Scripts from this Whitepaper:

The scripts used in the code samples for this whitepaper can be found in the SQLServer2005PartitionedTables.zip file. Each file within the zip is described below:

RangeCaseStudyScript1-Filegroups.sql – Includes the syntax to create the filegroups and files needed for the range partitioned table case study. This script allows modifications that will allow you to create this sample on a smaller set of disks with smaller files (in MB instead of GB). It also has code to import data through INSERT¼SELECT statements so that you can evaluate where the data is placed through the appropriate partitioning functions.

RangeCaseStudyScript2-PartitionedTable.sql – Includes the syntax to create the partition function, the partition scheme and the range partitioned tables related to the range partitioned table case study. This script also includes the appropriate constraints and indexes.

RangeCaseStudyScript3-JoiningAlignedTables.sql – Includes the queries demonstrating the various join strategies SQL Server offers for partitioned tables.

RangeCaseStudyScript4-SlidingWindow.sql – Includes the syntax and process associated with the monthly management of the range partitioned table case study. In this script, you will “slide” data both in and out of the Orders table. Optionally, on your own – create the same process to move data in and out for the OrderDetails table. Hint: see the Insert used in RangeCaseStudyScript2 for the table and correct columns of data to insert for OrderDetails.

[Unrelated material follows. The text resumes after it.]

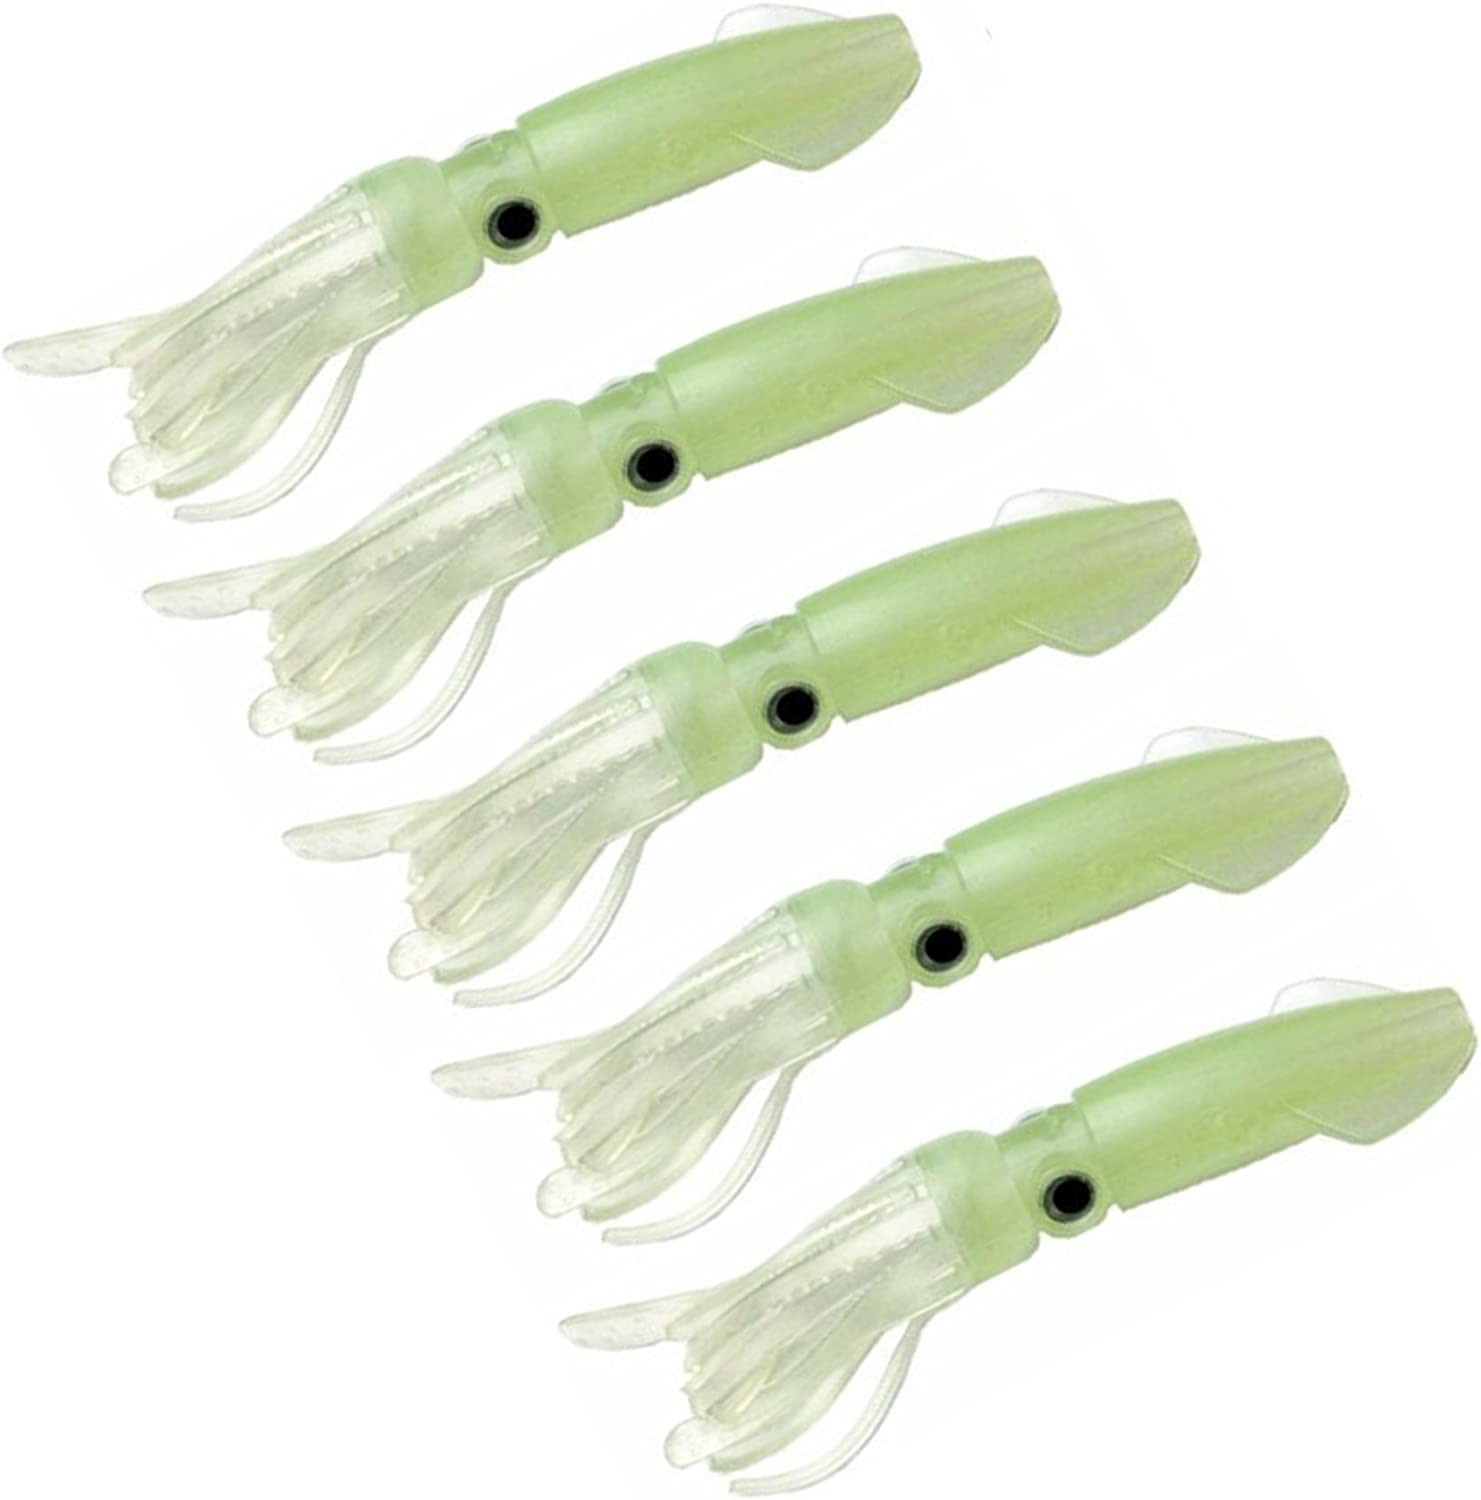  40pcs 15cm/6 inch Fishing Lures Squid Skirts Octopus Trolling  Soft Plastic Fishing Lures Bait Set : Sports & Outdoors

RegionalRangeCaseStudyFilegroups.sql – Includes the syntax to create the filegroups and files needed for the regionally partitioned table case study. In fact, this is a range partition to simulate a list partition scheme.

RegionalRangeCaseStudyPartitionedTable.sql – Includes the syntax to create the partition function, the partition scheme and the regionally partitioned tables related to the range partitioned table case study.